Despite LPs’ insistence that their appetite for emerging managers remains strong, only 17 percent intend to increase commitments to first-time funds over the next 12 months and 28 percent intend to reduce them. This is, perhaps, inevitable, given the uncertainty that has dominated the first half of the year and is likely to continue for the foreseeable future. “The current environment hasn’t impacted our ability to back emerging managers, but it has slowed it,” says Schmidt. “We are certainly proceeding more cautiously with due diligence and virtual on-sites, as we would prefer to meet face-to-face. Nonetheless, we have been able to approve a few strategies.”

Anchors aweigh

Investor willingness to make anchor commitments to emerging managers is divided. Fifty-five percent of limited partners – down from 76 percent of LP respondents to our 2019 survey – would anchor a first-time fund. For the fund manager, of course, the anchor investor is crucial. The quality of the institution serves as a benchmark for future LPs. For the investor, there are advantages to coming in early – particularly the opportunity to exert influence on the LPAC, access co-investment, take a stake in the management company or gain preferential terms. But there are risks, including the possibility the manager will fail to hit target commitments, and the anchor investor will become over-weighted in the fund.

Follow the money

Family offices, wealth managers and wealthy individuals dominate the emerging manager investor pool, accounting for 60 percent of capital raised – up substantially from 43 percent last year. Sovereign wealth funds, insurance companies and financial institutions remain more conservative. “Wealth managers and family offices are more able to get their heads around emerging managers,” says John McCormick, managing director at Monument Group.

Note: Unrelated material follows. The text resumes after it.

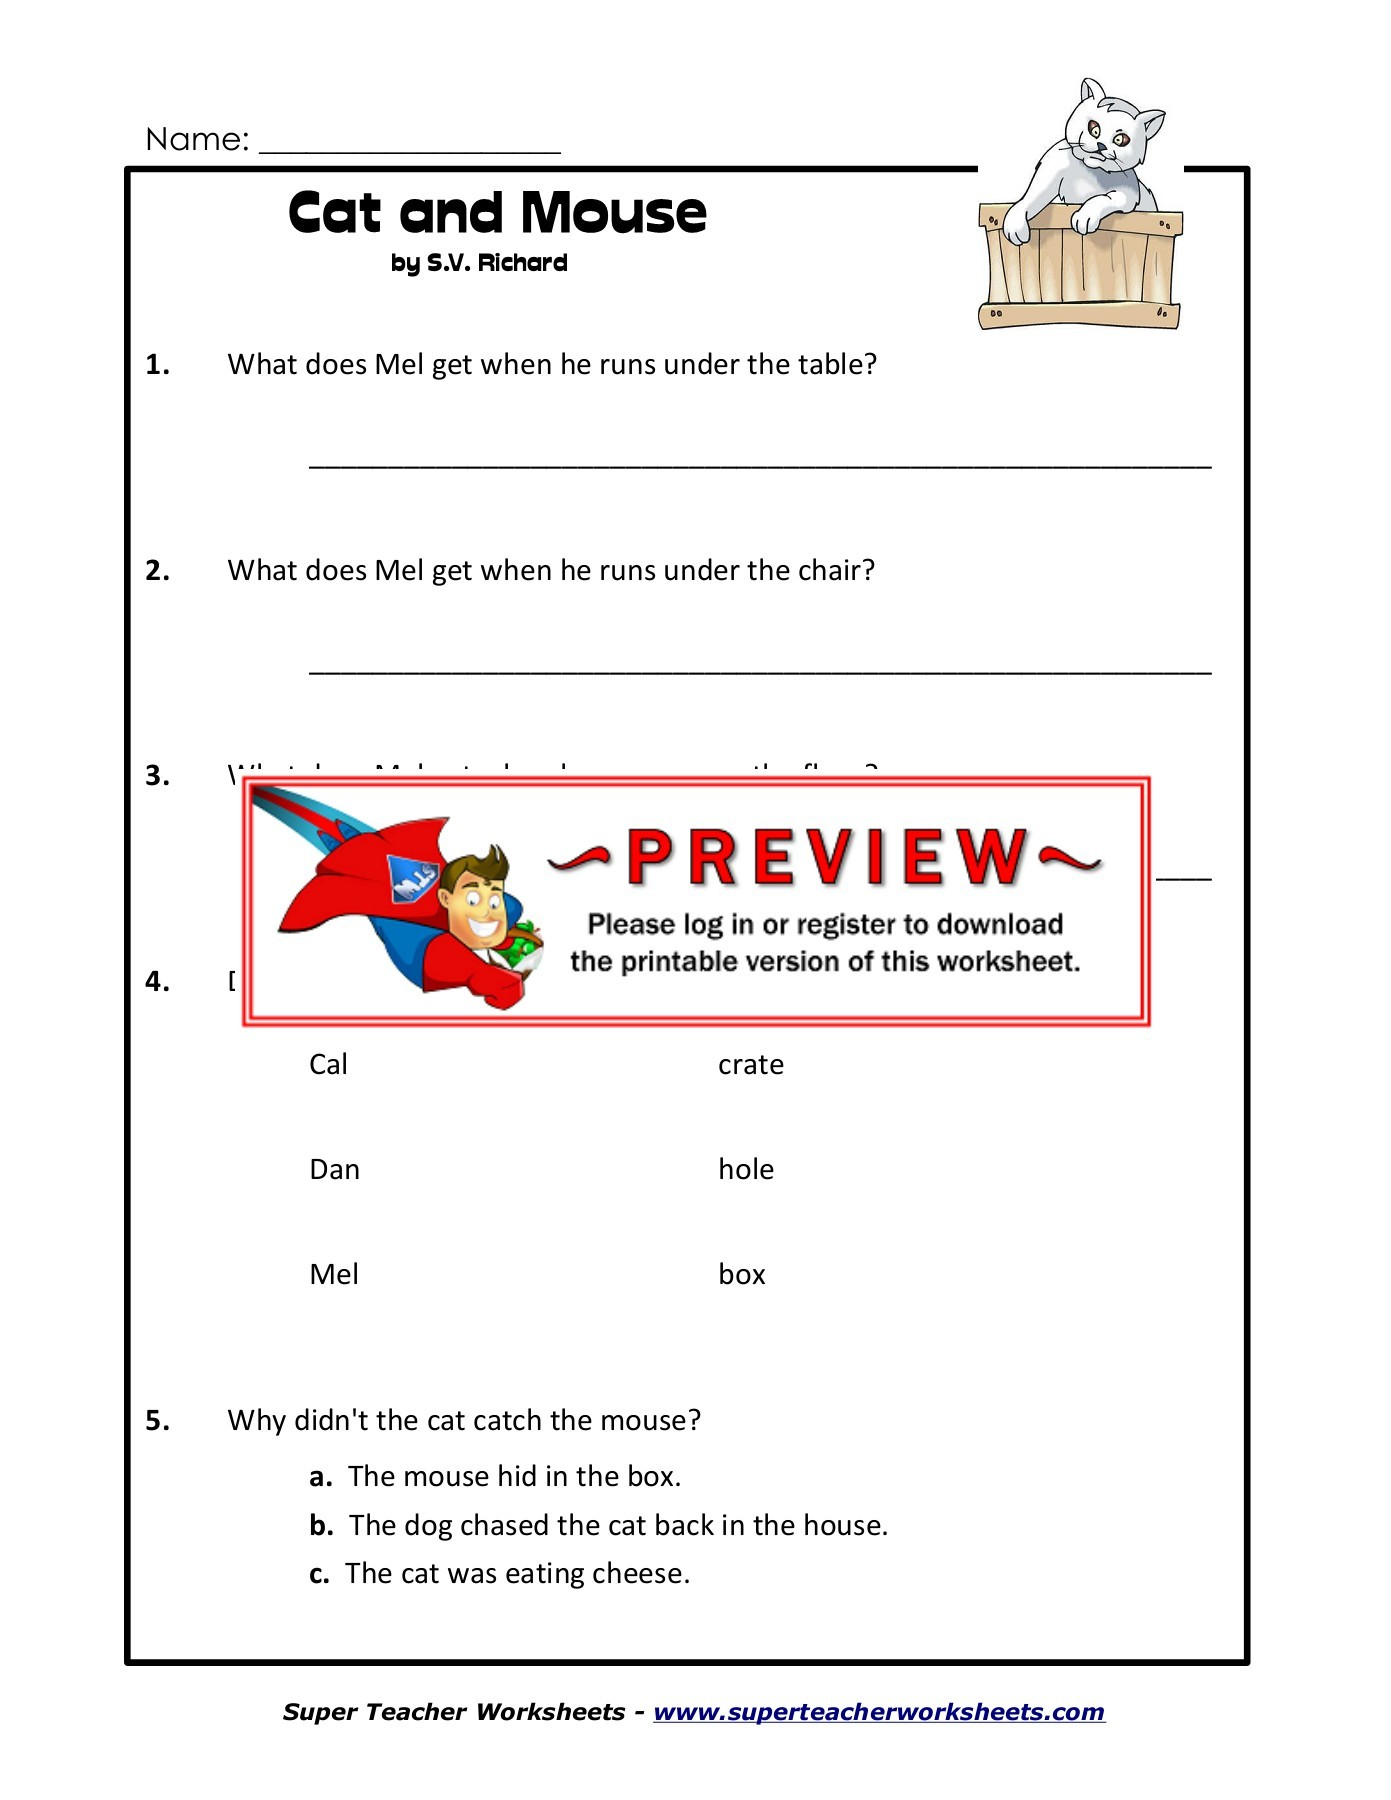 Printables Of Super Teacher Worksheet Holes

Lindel Eakman of the Foundry Group adds: “A few well-known fund of funds are active but most – including us – have low appetite at this point.”

Opportunity from crisis

One of the advantages emerging managers have in the current environment is that they are not overly burdened by extensive legacy portfolios. As such, they are able to focus on the new opportunities and attractive pricing likely to emerge in the months to come. Ninety-one percent of emerging managers expect to be more active dealmakers as they look to take advantage of low asset valuations as a result of covid-19, while 38 percent expect to ask investors for greater flexibility on their investment mandate.